◆ MATERIAL PROVIDED:
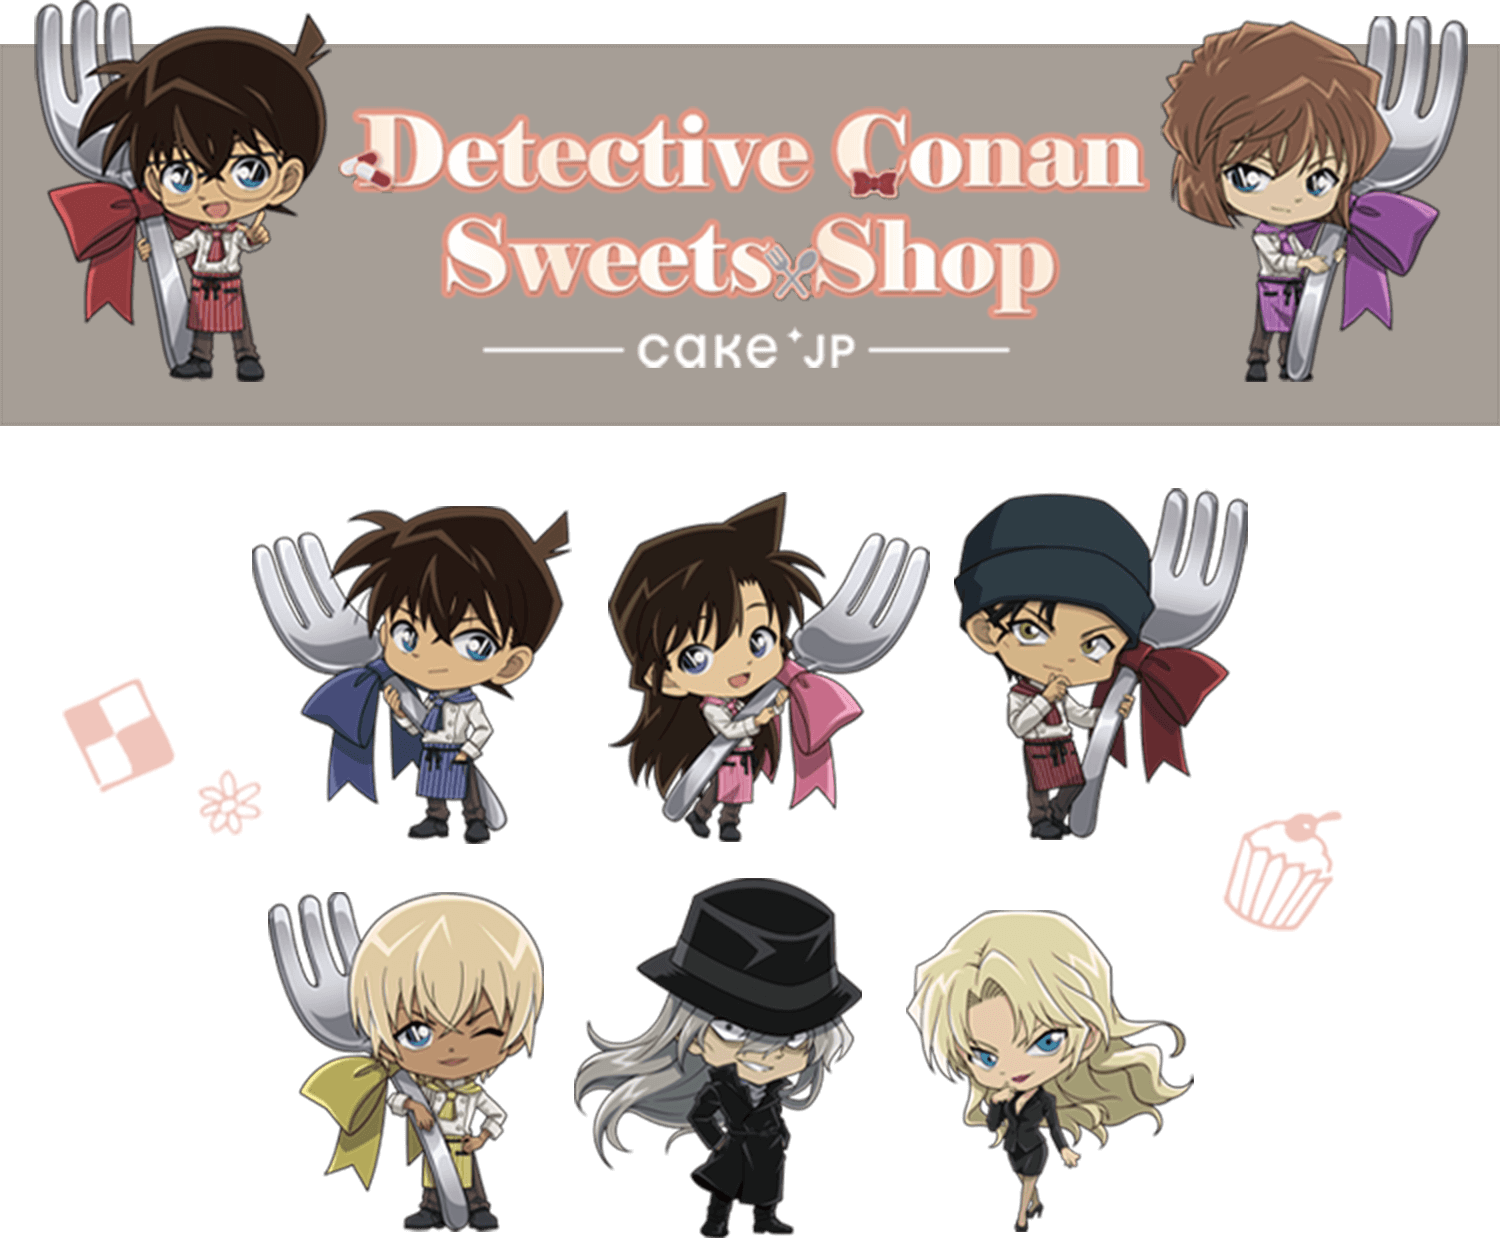 Detective Conan Sweets Shop
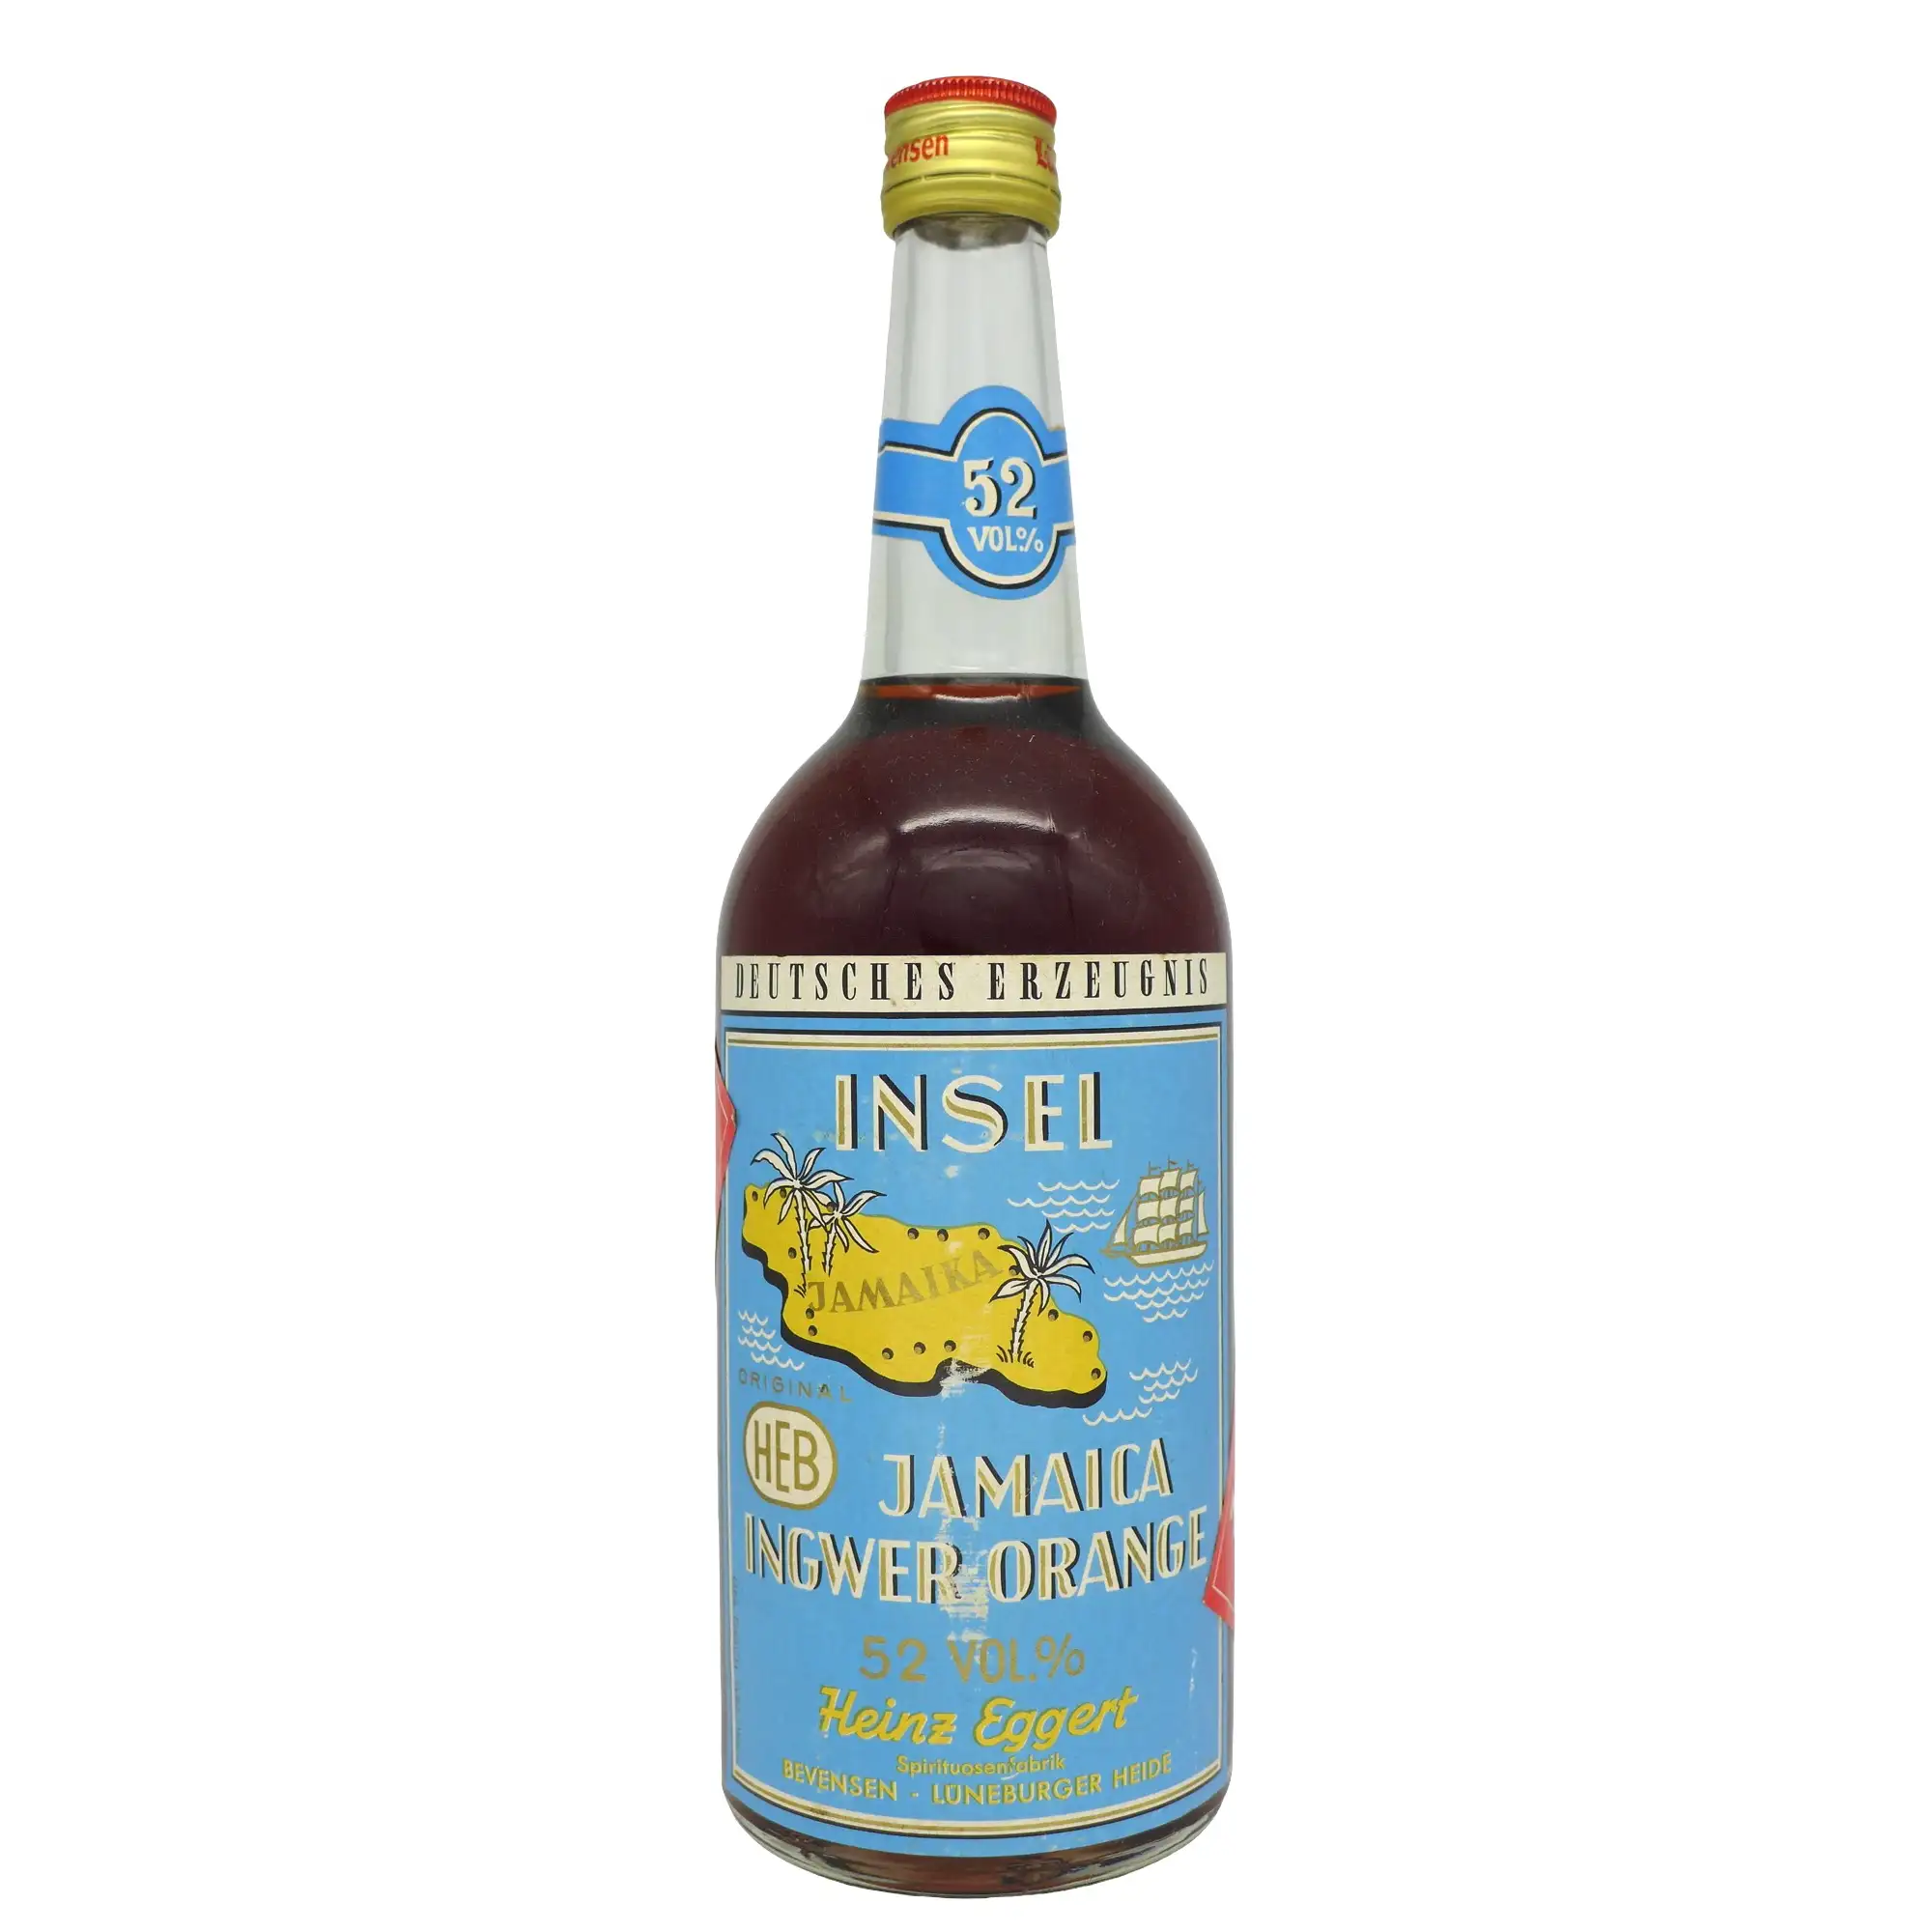 Image of the front of the bottle of the rum JAMINGO Jamaica Ingwer Orange
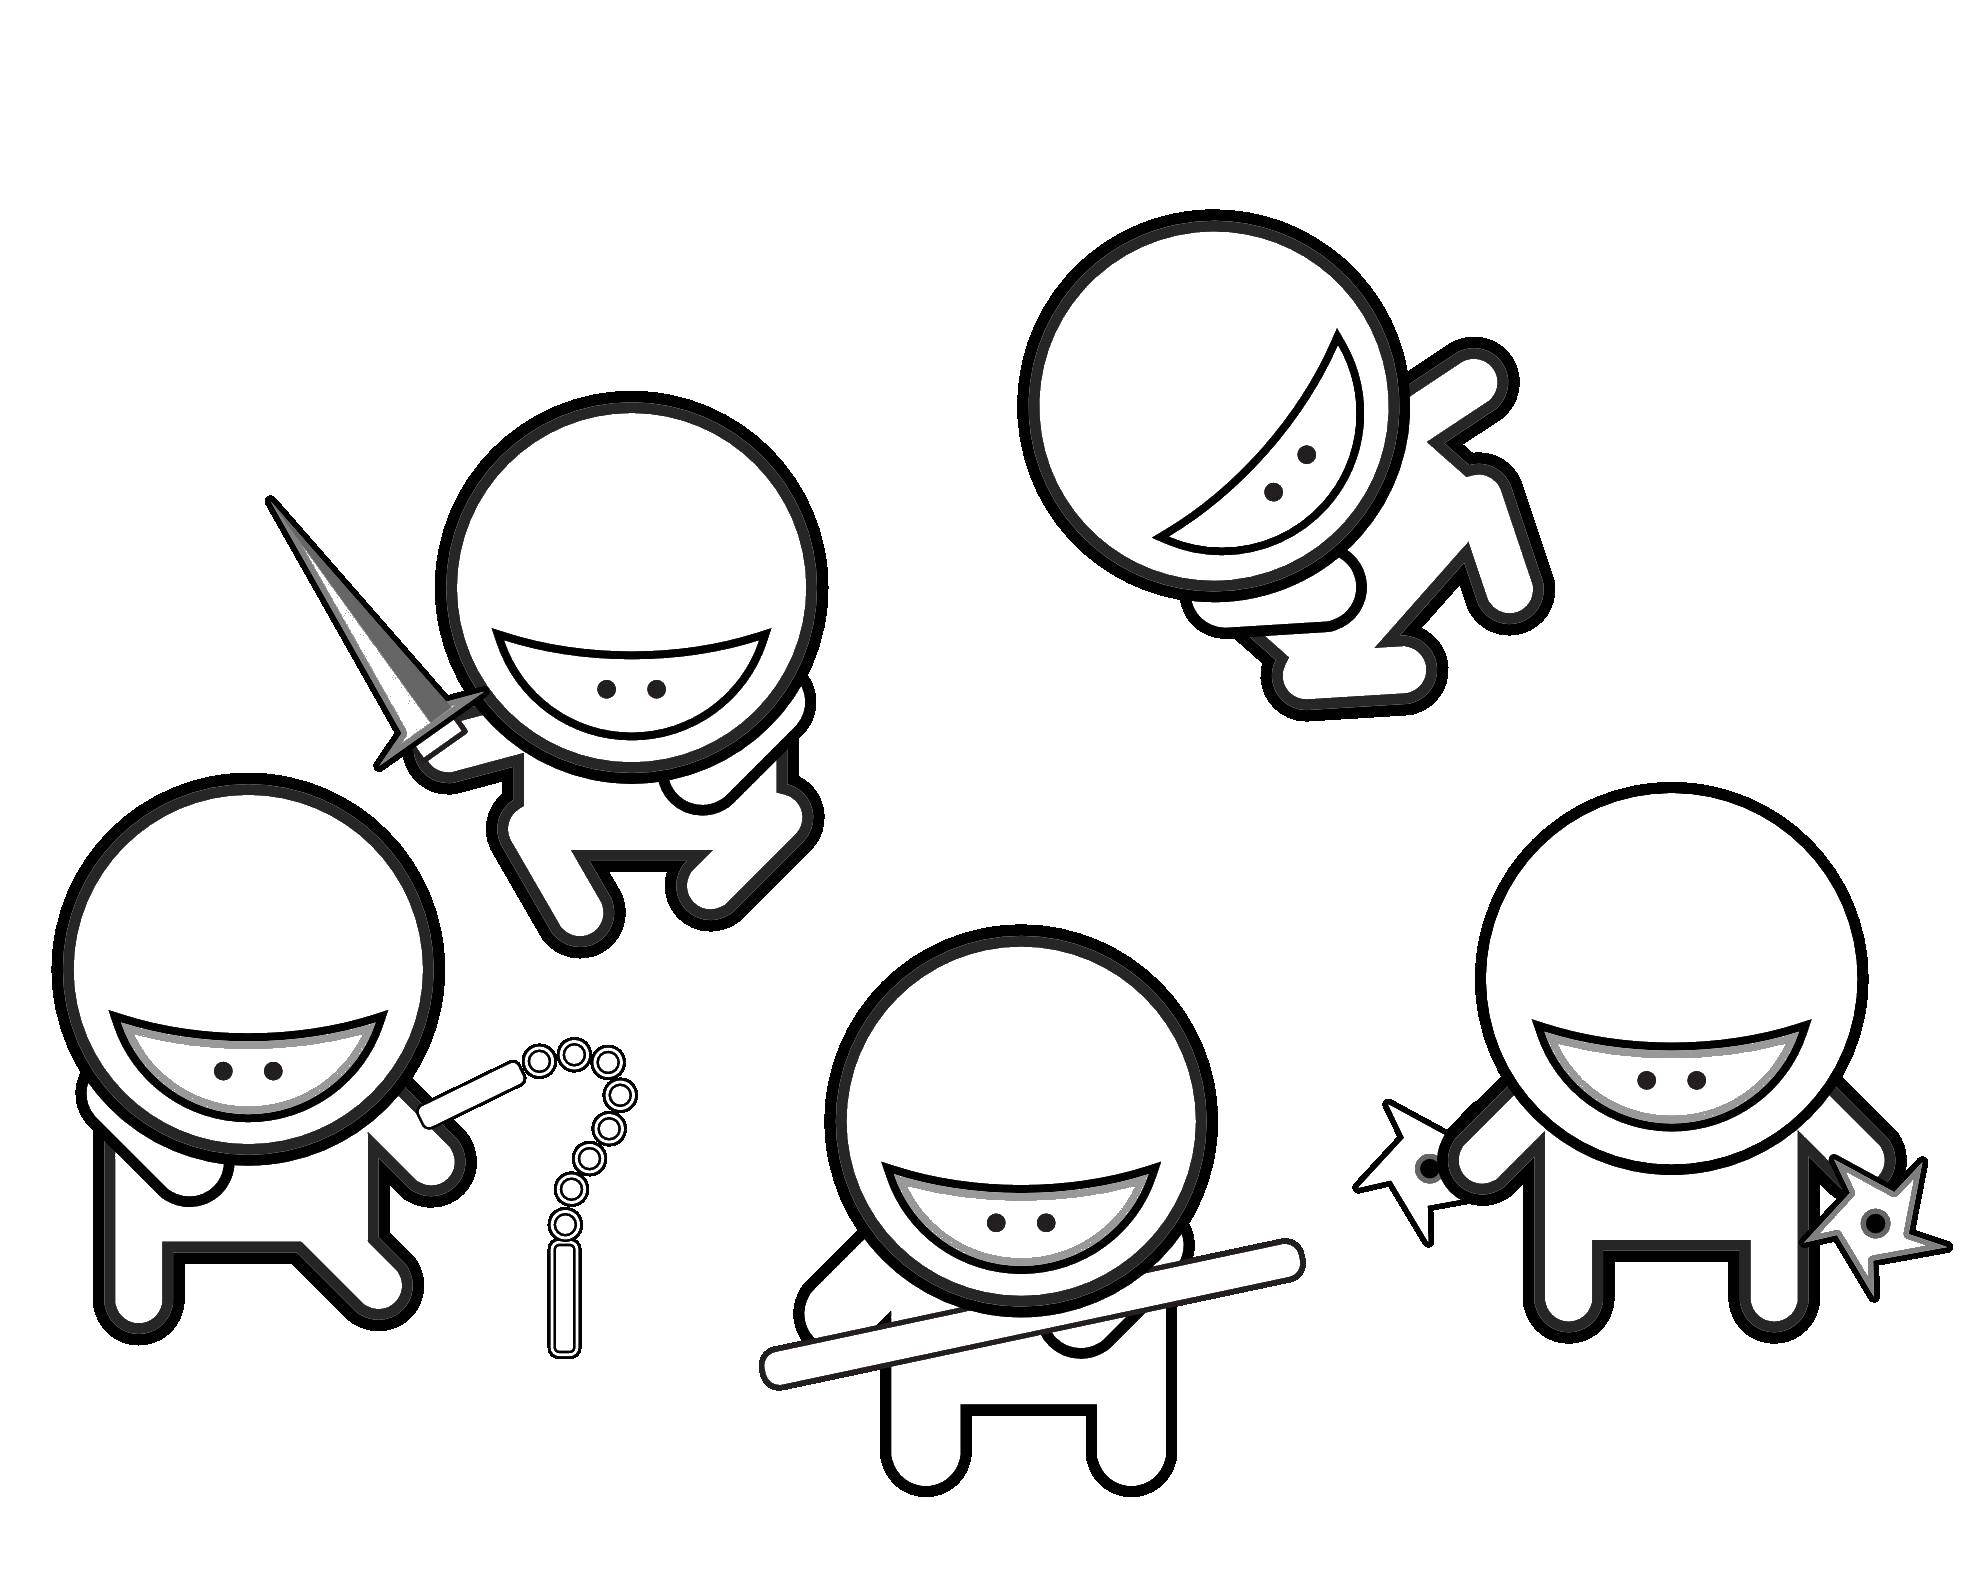 Coloring Five ninja. Category ninja . Tags:  ninja weapons.

◆ ABOUT THIS EXERCISE:
Please set down, word for word, the lines starting at the line that holds "Image of the" and running to the end of the listing, with no pictures.

◆ RESPONSE BELOW:
 Image of the front of the bottle of the rum JAMINGO Jamaica Ingwer Orange
 Coloring Five ninja. Category ninja . Tags:  ninja weapons.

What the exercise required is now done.